Abstract: Signals in Orthogonal Frequency Division Multiplexing(OFDM) systems are influenced by environmental decline in wireless channels and delay, causing Inter Symbol Interference(ISI).Accurate estimation of Channel State Information(CSI) is an effective approach of reducing ISI and improving signal transmission accuracy.To address the estimation path errors and missing selection of the channel estimation algorithms based on greedy iterative compressed sensing, an improved compressed sensing channel estimation algorithm named DFT-OMP is proposed based on Discrete Fourier Transform(DFT) path searching.The algorithm employs DFT path searching to suppress the unpleasant atoms caused by noise, so the atoms generated by the reconstruction process in the OMP algorithm are filtered.Consequently, the problems of traditional compressed sensing channel estimation methods, which are caused by selecting the atom with the largest correlation factor, are solved, including sparsity of dependent signals.After atom preselection, the residual precision control method is introduced into the channel estimation part of the greedy iterative compressed sensing algorithm to improve the adaptability and robustness of channel estimation.The simulation results show that compared with the OMP algorithm, the proposed algorithm displays a 4 dB gain in channel estimation performance, and is suitable for wireless communication systems with large pilots.

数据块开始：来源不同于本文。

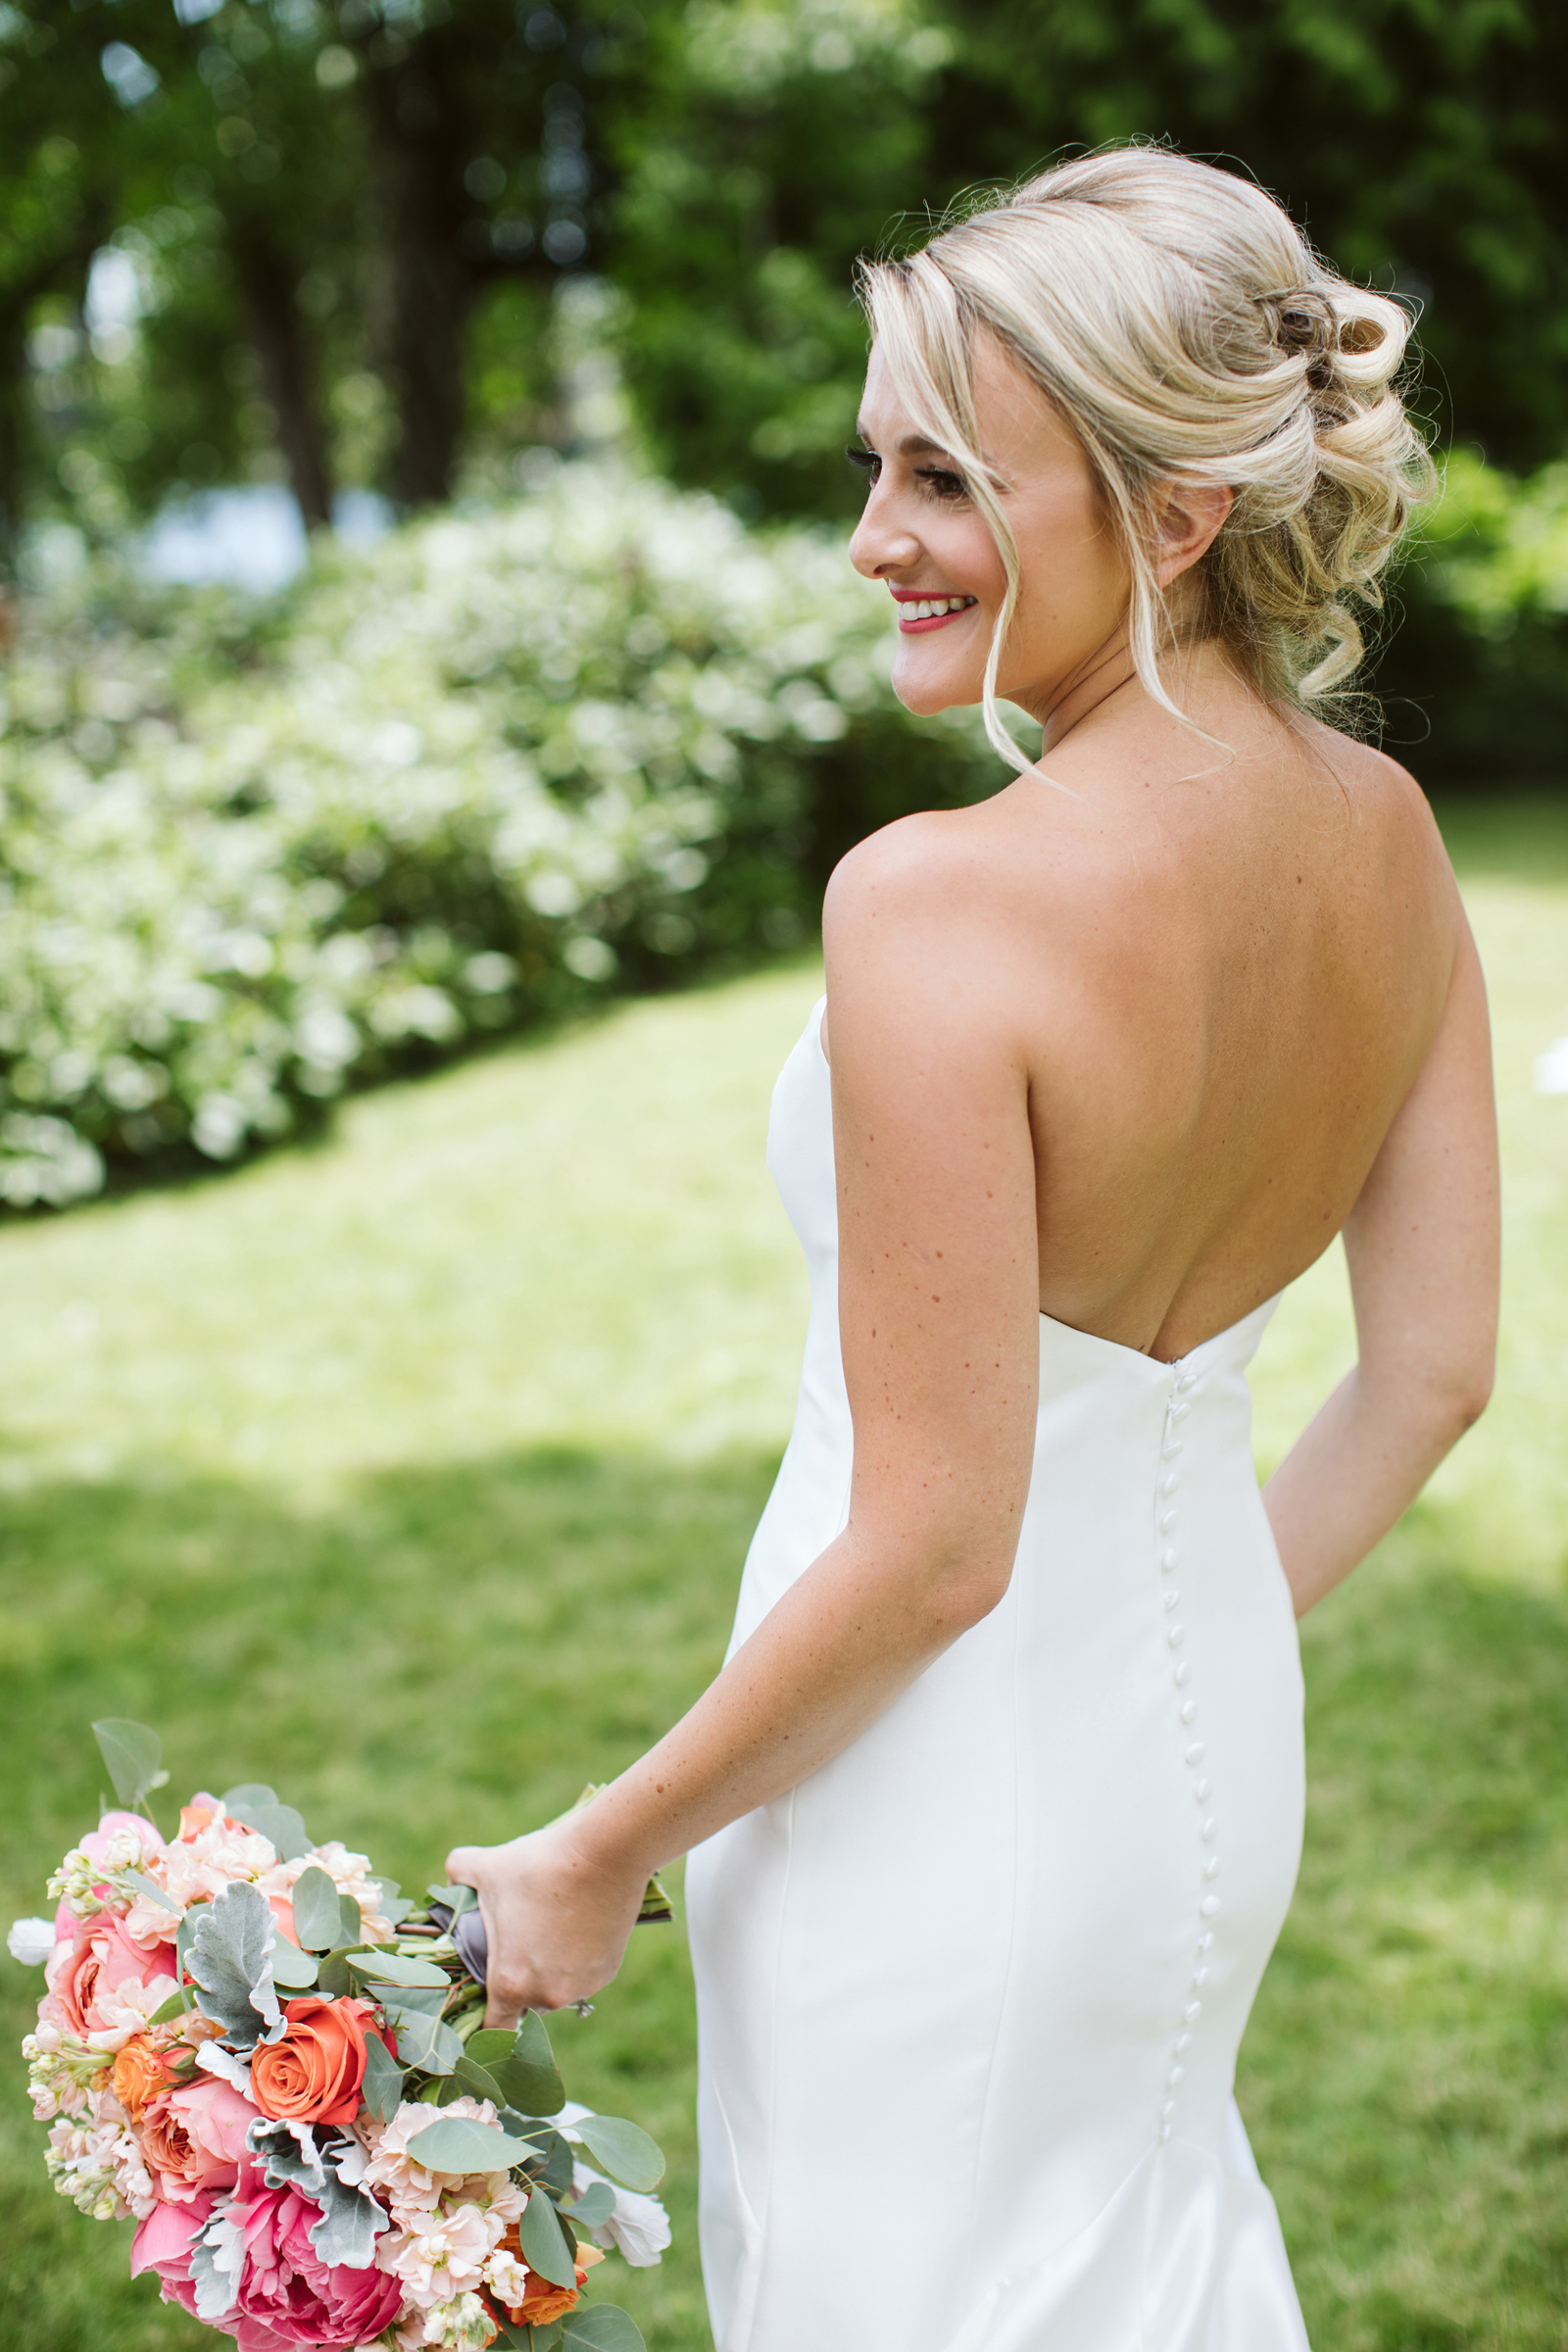 031-daronjackson-gabby-alec-wedding.jpg

Key words: Compressed Sensing(CS), channel estimation, greedy iteration, Discrete Fourier Transfrom(DFT) path searching, residual precision control

中图分类号:

TN911

方海涛, 李明齐, 卞鑫. 基于DFT寻径的压缩感知信道估计改进算法[J]. 计算机工程, 2022, 48(1): 182-187.

FANG Haitao, LI Mingqi, BIAN Xin. Improved Algorithm for Compressed Sensing Channel Estimation Based on DFT Path Searching[J]. Computer Engineering, 2022, 48(1): 182-187.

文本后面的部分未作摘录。